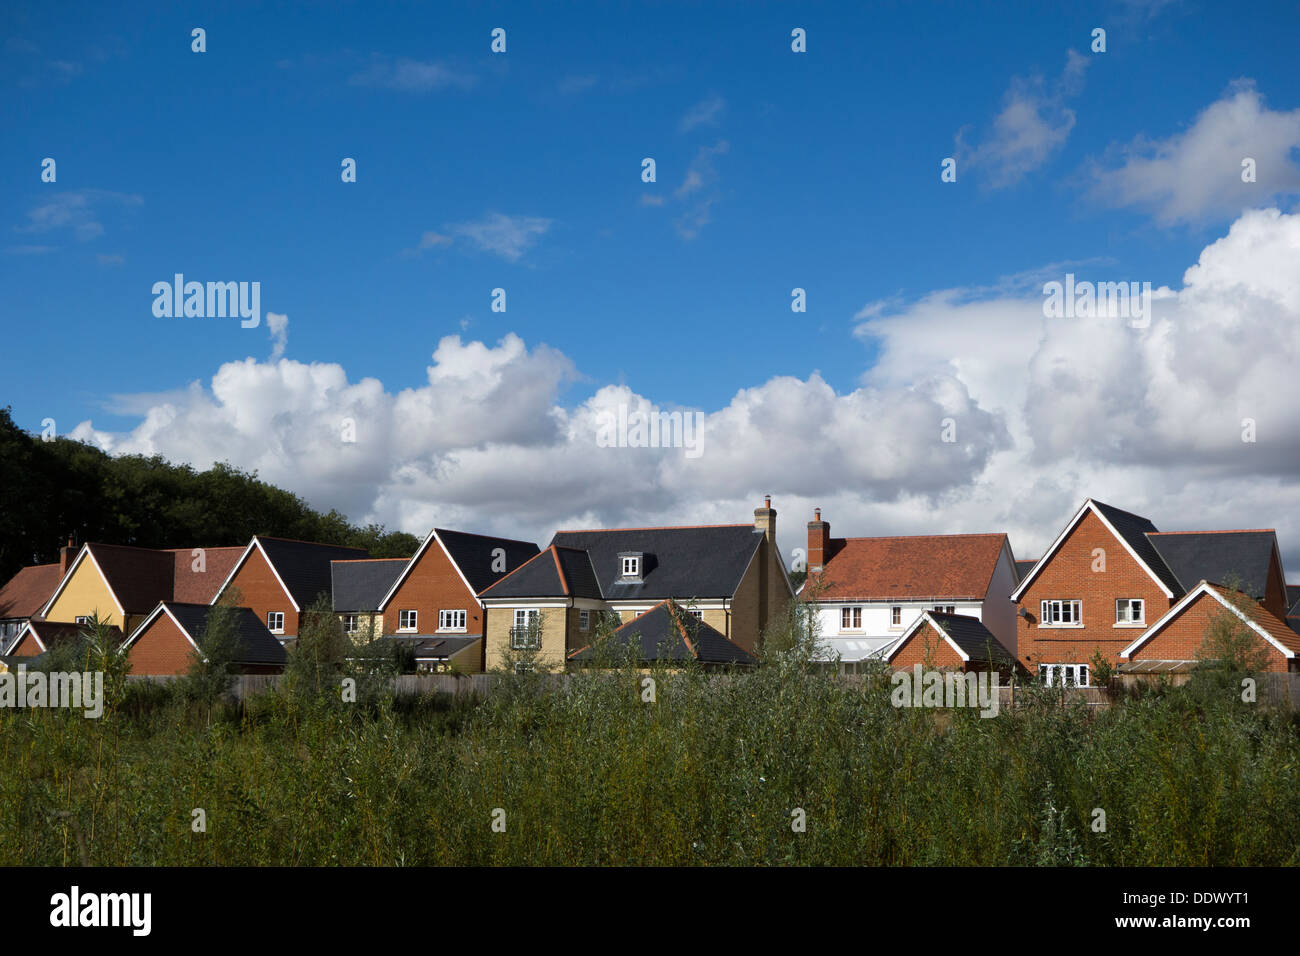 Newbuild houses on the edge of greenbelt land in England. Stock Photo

○ ○ ○ ○

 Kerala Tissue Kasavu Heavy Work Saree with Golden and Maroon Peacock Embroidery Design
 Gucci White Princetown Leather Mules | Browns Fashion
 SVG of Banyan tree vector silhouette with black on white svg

○ ○ ○ ○

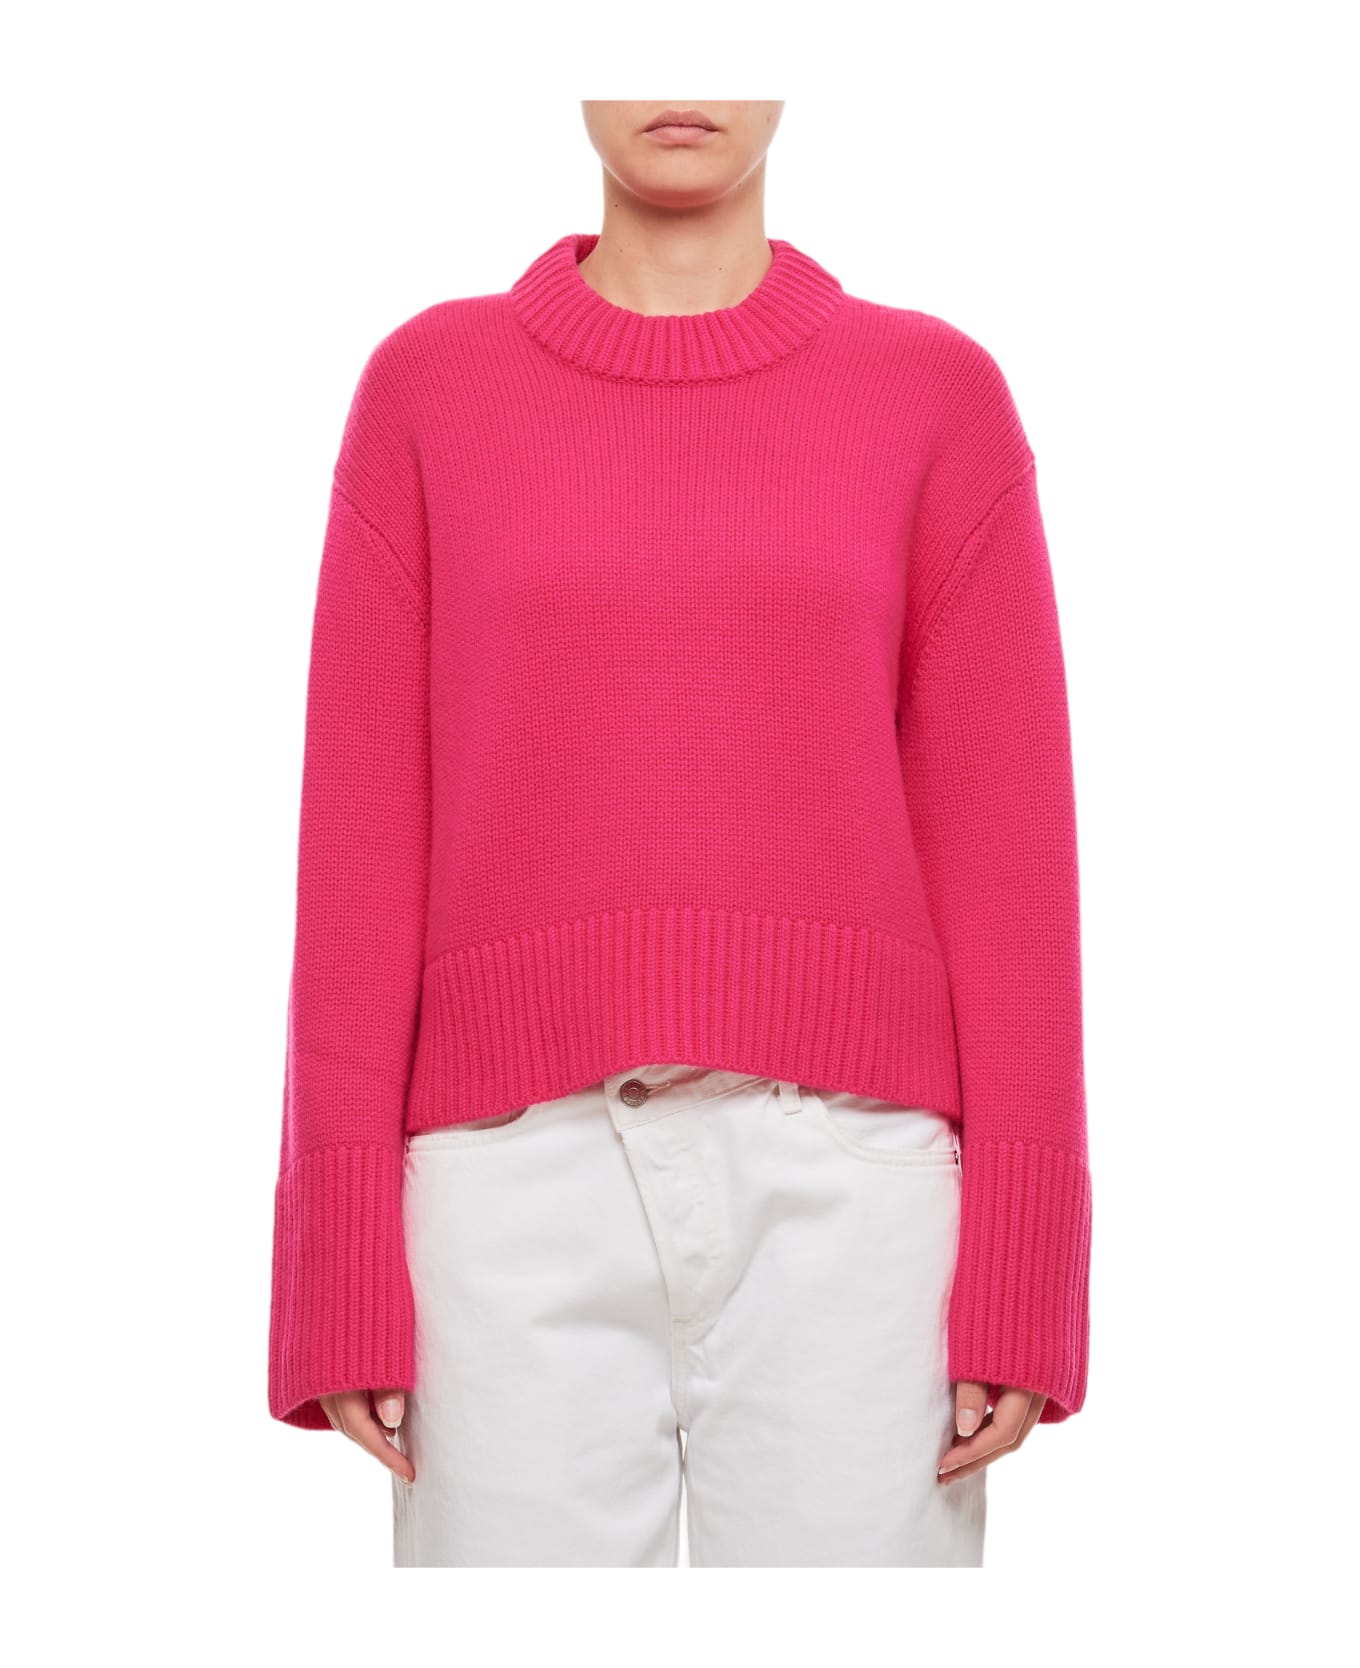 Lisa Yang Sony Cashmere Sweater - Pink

○ ○ ○ ○

## REQUIRED ACTION
When you reach the line containing "Gucci White Princetown" in the data above, start copying exactly, and stop after the line containing "SVG of Banyan".

## TASK RESPONSE
 Gucci White Princetown Leather Mules | Browns Fashion
 SVG of Banyan tree vector silhouette with black on white svg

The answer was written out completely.